Mantle v Sunshine Coast Regional Council  QPEC 30
This decision concerned a request to extend the relevant period of a development approval for a tourist accommodation facility on the shores of Lake Weyba. The development approval was granted by the Court in August 2004 (after the resolution of two submitter appeals) with a four year relevant period. The relevant period of the approval was extended by the Court in June 2010 and the appellant sought a further extension.
The development application was publicly advertised in 1999 and seven submissions were received, two of which supported approval.
Council’s grounds for refusing the request made reference to a letter from “Friends of Lake Weyba” which stated that if the proposal was placed before the community for comment, Friends of Lake Weyba (and possibly others) would make a submission.
In relation to consistency with current laws and policy:
- The development approval was changed by the Court in August 2014. A number of conditions relating to acid sulphate soil, koalas and koala habitat trees, bushfire management and native acid frog habitats were replaced to address contemporary standards and controls.
- The previous extension of the relevant period was granted during the currency of Maroochy Plan 2000 and the second request was also made during the currency of Maroochy Plan 2000. The Sunshine Coast Planning Scheme 2014 commenced in May 2014.
- Expert evidence was presented to the Court addressing the issue of consistency between Maroochy Plan 2000 and Sunshine Coast Planning Scheme 2014.
- The Court was ultimately satisfied on the material that there were no material differences between mapping or Code requirements and the conditions of approval appropriately respond to the requirements of the Codes and provide flexibility to adjust the development at the detailed design stage.
In relation to the community’s awareness of the development approval, the Court considered that:
- Lake Weyba is an important feature and its environment is likely to be of general interest within the region, beyond simply those who live nearby.

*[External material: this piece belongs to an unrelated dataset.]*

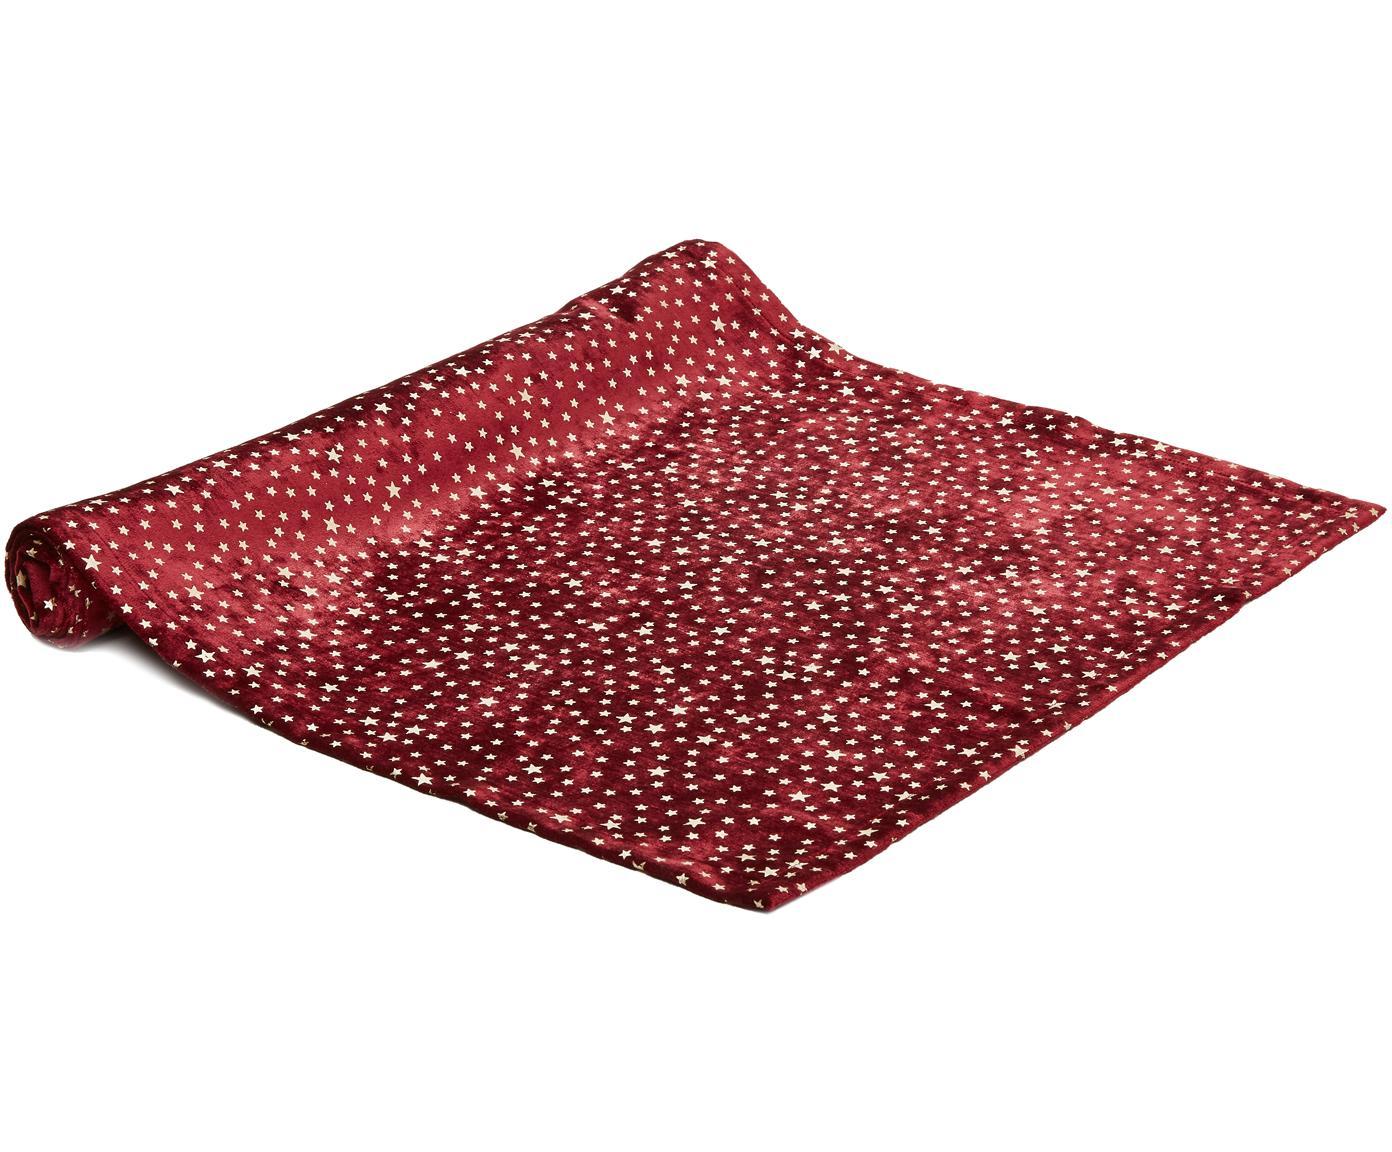 Samt-Tischläufer Estrella, Polyestersamt, Dunkelrot, Beige, 50 x 140 cm

- Despite changes in ownership the broader locality since 1999, there is likely to be a reasonable level of knowledge of the approval.
- In December 2012 a different development application was made in respect of the subject land. That development application is the subject of an appeal in the Court.

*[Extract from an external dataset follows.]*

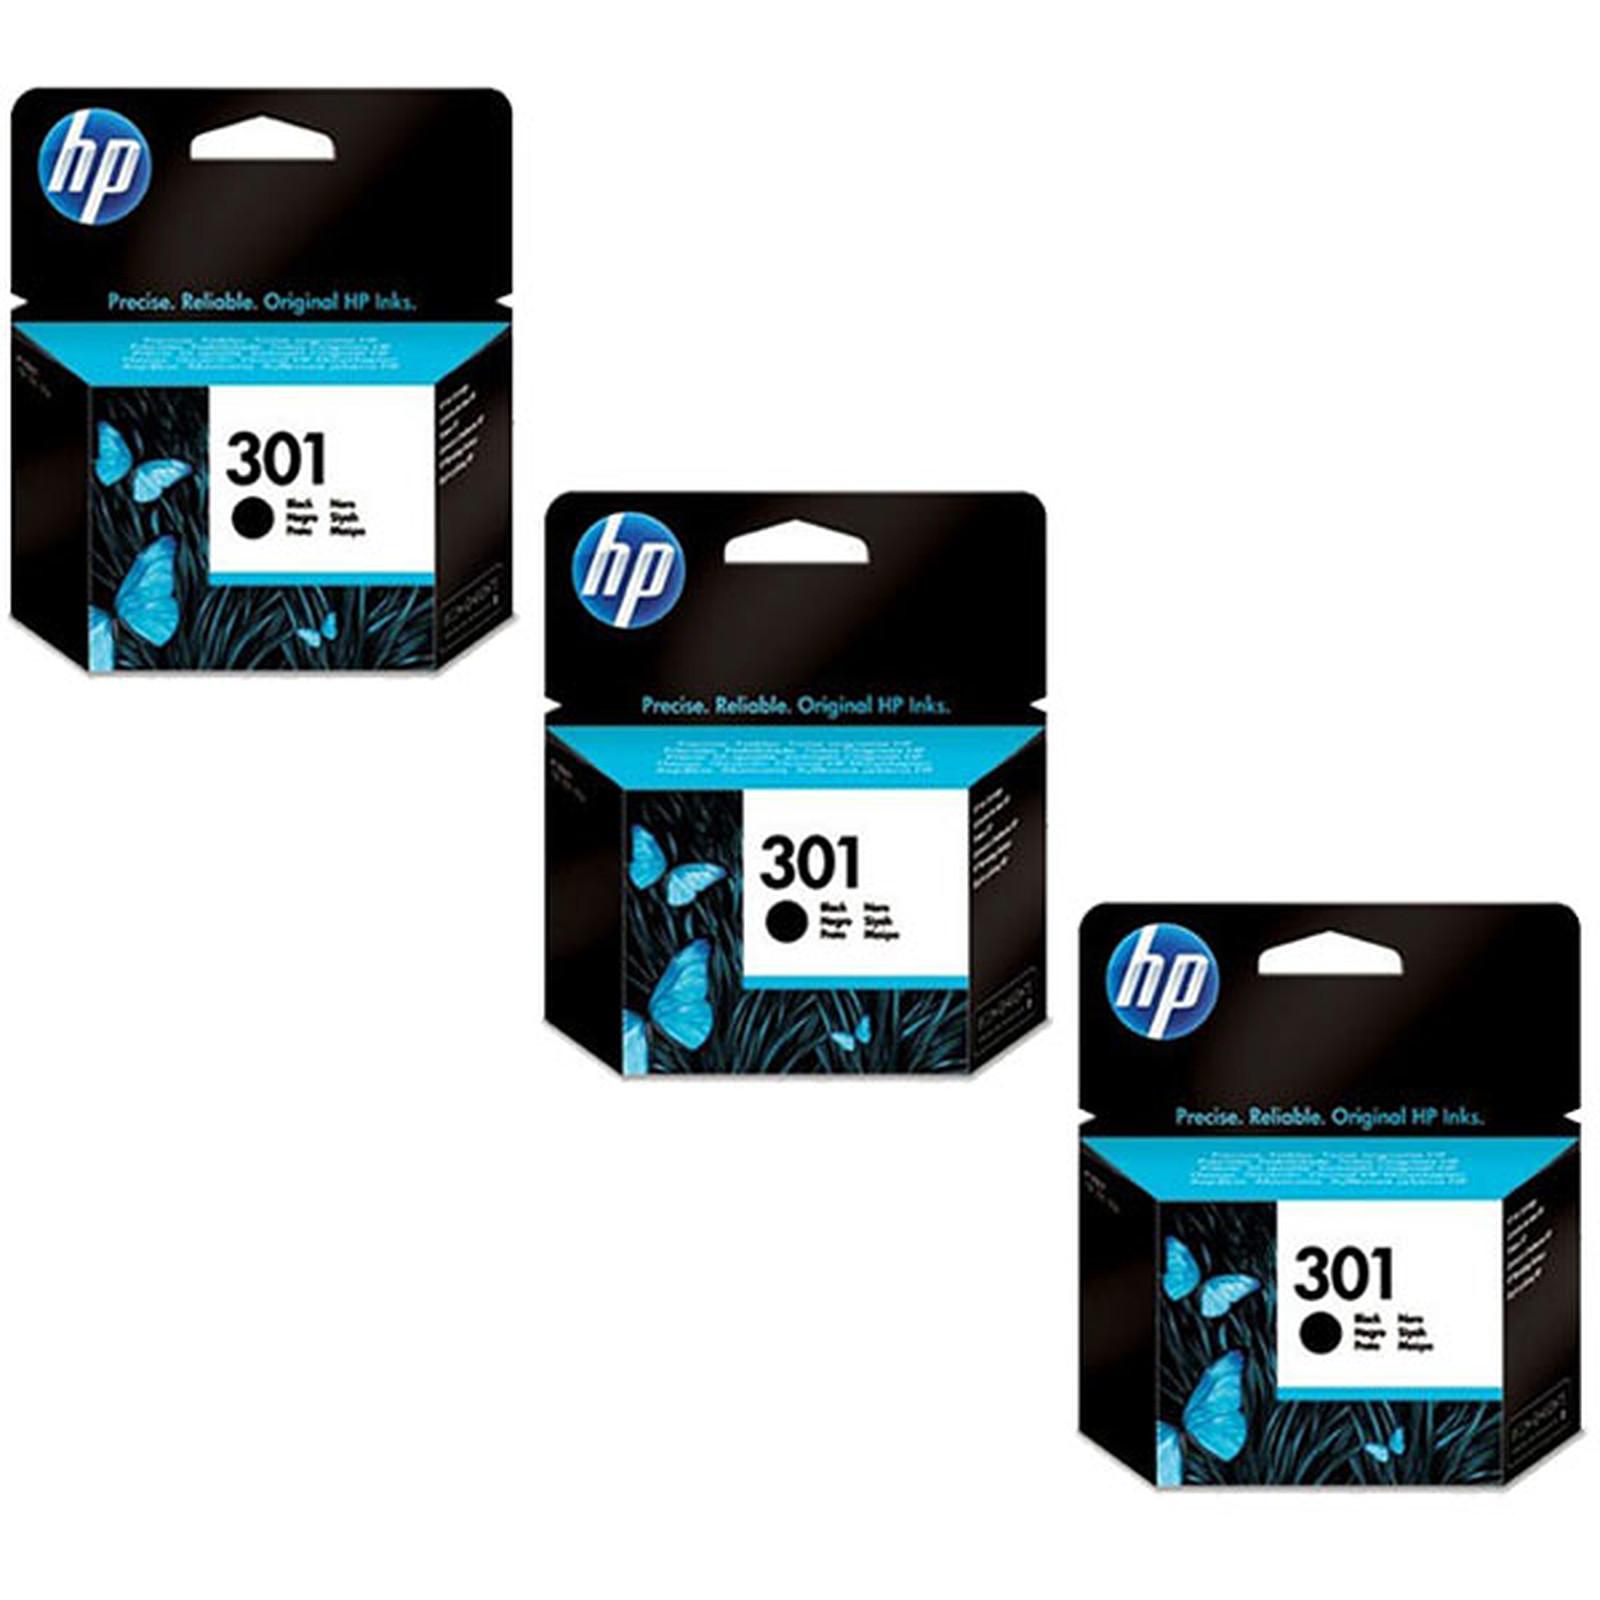 HP 301 Negro - CH561EE x 3

- The likelihood of public submissions being exercised if the proposal were to be subject of a fresh development application could not be discounted. That however, does not preclude a grant of the requested extension.
- The issues which were the subject of the submissions to the original development proposal were largely addressed by the changes to the approval made in 2014 aimed at addressing contemporary standards and controls.
Ultimately, the Court was prepared to grant the requested extension to the changed development approval. In doing so however, the Court confirmed that it would not have been inclined to grant the request in relation to the unchanged development approval. In reaching this conclusion the Court cautioned that a developer ought not to “endlessly luxuriate in an approval, without acting upon it, on the assumption that it will be extended subject only to the updating of conditions.”
The cases confirm that the matters referred to in section 388 of SPA are simply matters for consideration. They are not preconditions and none of the stated considerations prevail over another. The outcome is in the discretion of the decision maker and whether or not the discretion will be exercised favourably will depend on the circumstances of each case having regard to the specified considerations.
Consistency between the approval and current planning laws or policies is important but will not necessarily have decisive weight.
Consistency however is the primary source of reasonable expectations and as such informs other considerations, namely, community awareness and potential submission rights. Where there is significant inconsistency, current community awareness and potential submission rights may become weightier considerations.